Are Americans Abandoning Wireline Data?

Copper CableA study conducted for the Commerce Department by the U.S. Census Bureau shows that there has been an increase in households that have mobile data as their only source of broadband. Certainly this huge survey that got 53,000 responses must be considered as statistically valid. One thing the survey showed is that broadband has become a commodity and more people than ever before have some sort of broadband.

The survey also showed that having landline broadband is tied to household income. Nearly one third of households that make under $25,000 per year have mobile data as their only broadband product. And that is up from 16% of these households in 2013. This must be a function of affordability and it’s not hard to see how lower income homes can’t afford both smartphones and landline broadband.
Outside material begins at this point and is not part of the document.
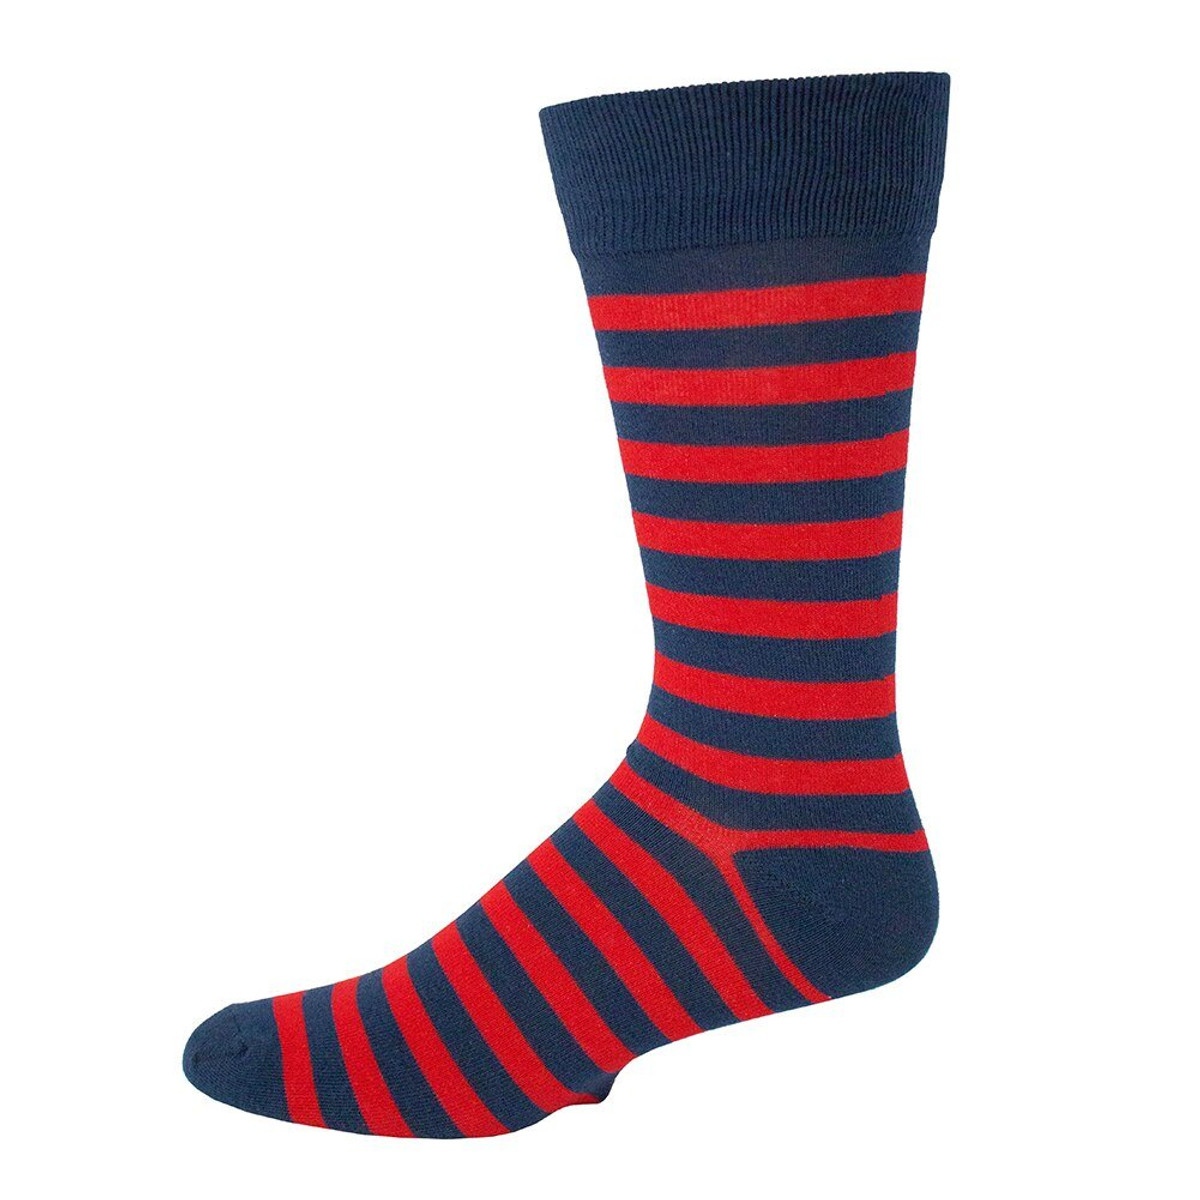 Men's College Striped Crew Dress Socks - Navy Red

But the survey showed other trends that were a surprise. The survey shows that 18% of homes making between $50,000 per year and $75,000 per year have mobile-only data, a huge jump upward from 8% in 2013. And 17% of homes making between $75,000 and $100,000 are now mobile-only, another big jump up from 8% in 2013. The survey showed that even 15% of homes making more than $100,000 have gone to mobile-only data, another big increase from 6% in 2013.

But there are other industry statistics that don’t seem to jive with these numbers. All of the publicly traded ISPs routinely report customer counts and for 2015, as a whole, the industry showed a net increase of over 3 million new landline broadband connections last year. Industry analysts are expecting almost the same increase for the whole ISP industry in 2016. With about 125 million total households in the country that will mean that nearly 5% more of total households will have added landline broadband in 2015 and 2016. That huge increase in landline data connections seems to contradict the survey numbers.

Certainly there must be many people (particularly in urban areas) that can get by without a landline data connection. In cities there is more and more WiFi available. People have WiFi at work and more and more businesses in the city provide it as a convenience to their customers. And there are plenty of people living in tightly packed apartments that share a WiFi connection with a nearby neighbor.

But it’s hard to think this can account for the huge shift shown by the survey. If the survey is correct, then as many as 10% of all homes have abandoned a landline data connection since 2013 – over 12 million homes – and the industry numbers just don’t back that up.

Certainly any big user of data at home must have a landline connection. Nobody is going to use mobile data for watching video or playing online games. Nobody is even going to use mobile data for any serious amount of school work or for taking work home from the office. The small data caps make that far too expensive.

Our big cellular companies have priced mobile data to be among the most expensive broadband in the world when measured as cost per downloaded gigabit. Nobody who uses any significant data is going to use data that is as much as 100 times more expensive as a landline data connection unless they have no choice. There are certainly plenty of households in rural areas who use their cellular data connection as the only source of broadband. They use it very sparingly and still report getting huge monthly bills for mobile data.

I have no idea how to reconcile these two very different set of facts. We know the number of landline data connections that ISPs sell and that number tells a very different story than this survey. And while it’s anecdotal, I can’t think of one of my hundreds of clients who is not seeing annual increases in landline data customers.

But this survey asked the question to 53,000 respondents, and in the world of statistics this means the information received from the survey should be extremely believable. The survey results would be very suspect if the questions were misleading or if the survey was not administered randomly. But I would think that an organization like the Census would have been careful to have gotten these things right. This difference between these two sets of facts is a puzzle and I am sure that over time that the trend will become clear – whatever it is. But for now I am very skeptical of the survey results until they have been collaborated with other data.

2 thoughts on “Are Americans Abandoning Wireline Data?

  1. Gospel: Nobody is going to use mobile data for watching video or playing online games. Nobody is even going to use mobile data for any serious amount of school work or for taking work home from the office. The small data caps make that far too expensive.”
    But “what if”: Sprint or T-Mobile really did offer true “unlimited” plans?ie make the shift to the equivalent of WISP?

    • The wireless carriers have a problem today in that cellular technology is not good at handling large numbers of users doing things like streaming video for hours. It doesn’t take a whole lot of simultaneous users to completely overwhelm a cell site’s capacity. This is partly due to today’s cellular technology, but it’s also largely a function of the spectrum being used, and unless a whole more spectrum is brought to cell towers then this is not going to be a likely solution in densely populated areas.

      This can work better in more rural areas, but there the issue becomes the distance of users from a cell site. Cellular spectrum is like any other radio signal and quickly loses power with distance. So people more than a relatively short distance from a cell site can have problem with things like streaming.